**Supplied material:**

****************

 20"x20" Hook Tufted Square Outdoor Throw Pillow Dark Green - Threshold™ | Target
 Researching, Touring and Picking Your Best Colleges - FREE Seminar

****************

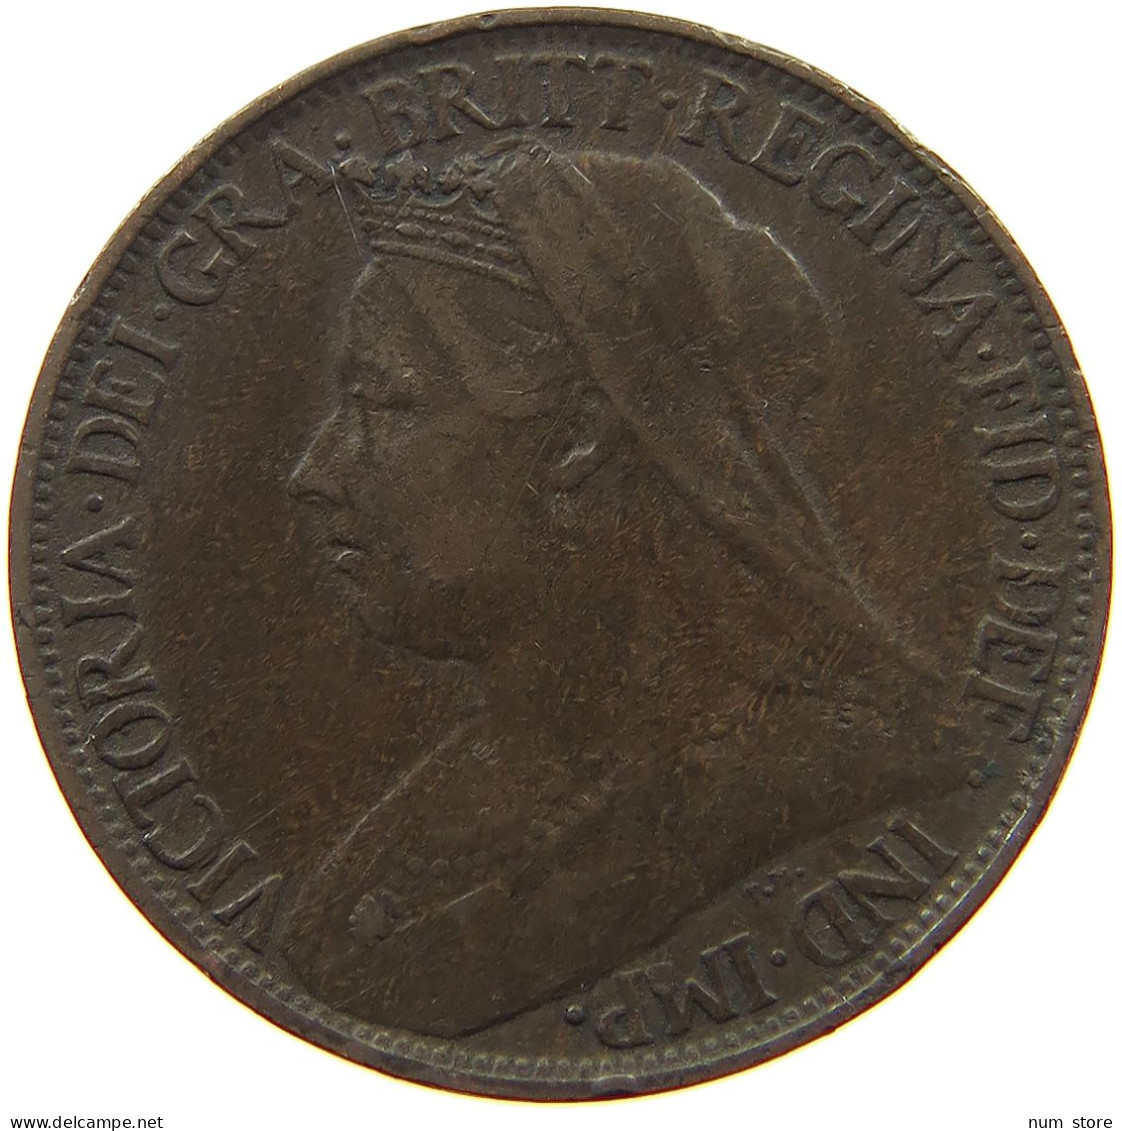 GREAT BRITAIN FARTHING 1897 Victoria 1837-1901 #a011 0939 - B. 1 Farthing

****************

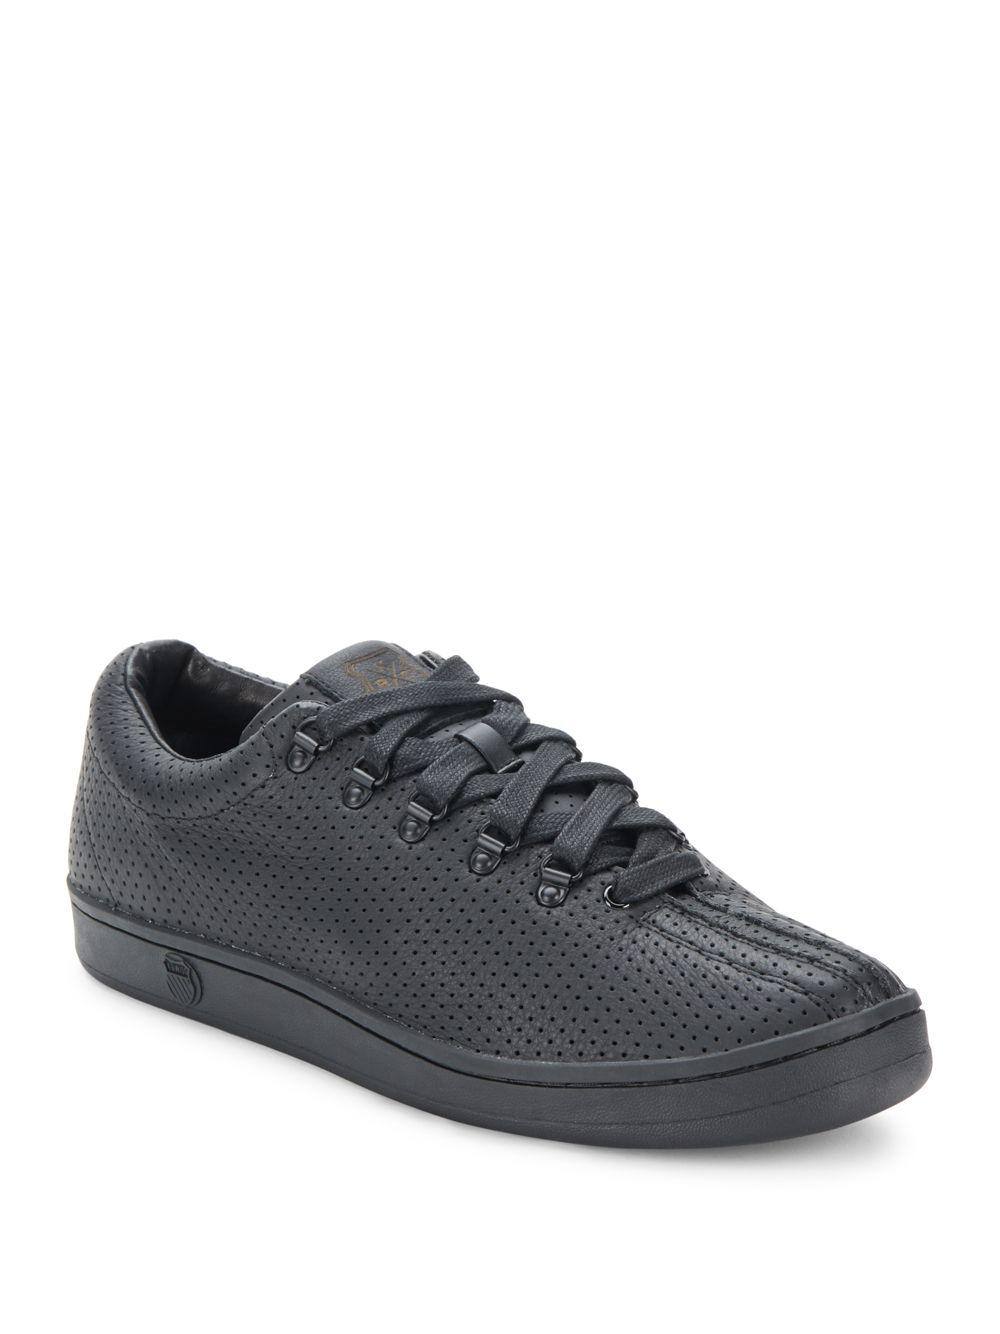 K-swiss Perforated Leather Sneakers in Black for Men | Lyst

****************

**Goal of the exercise:**
From the material above, copy exactly the lines between the line holding "Threshold™ | Target" and the line holding "Researching, Touring and", inclusive, and only those.

**Written reply:**
 20"x20" Hook Tufted Square Outdoor Throw Pillow Dark Green - Threshold™ | Target
 Researching, Touring and Picking Your Best Colleges - FREE Seminar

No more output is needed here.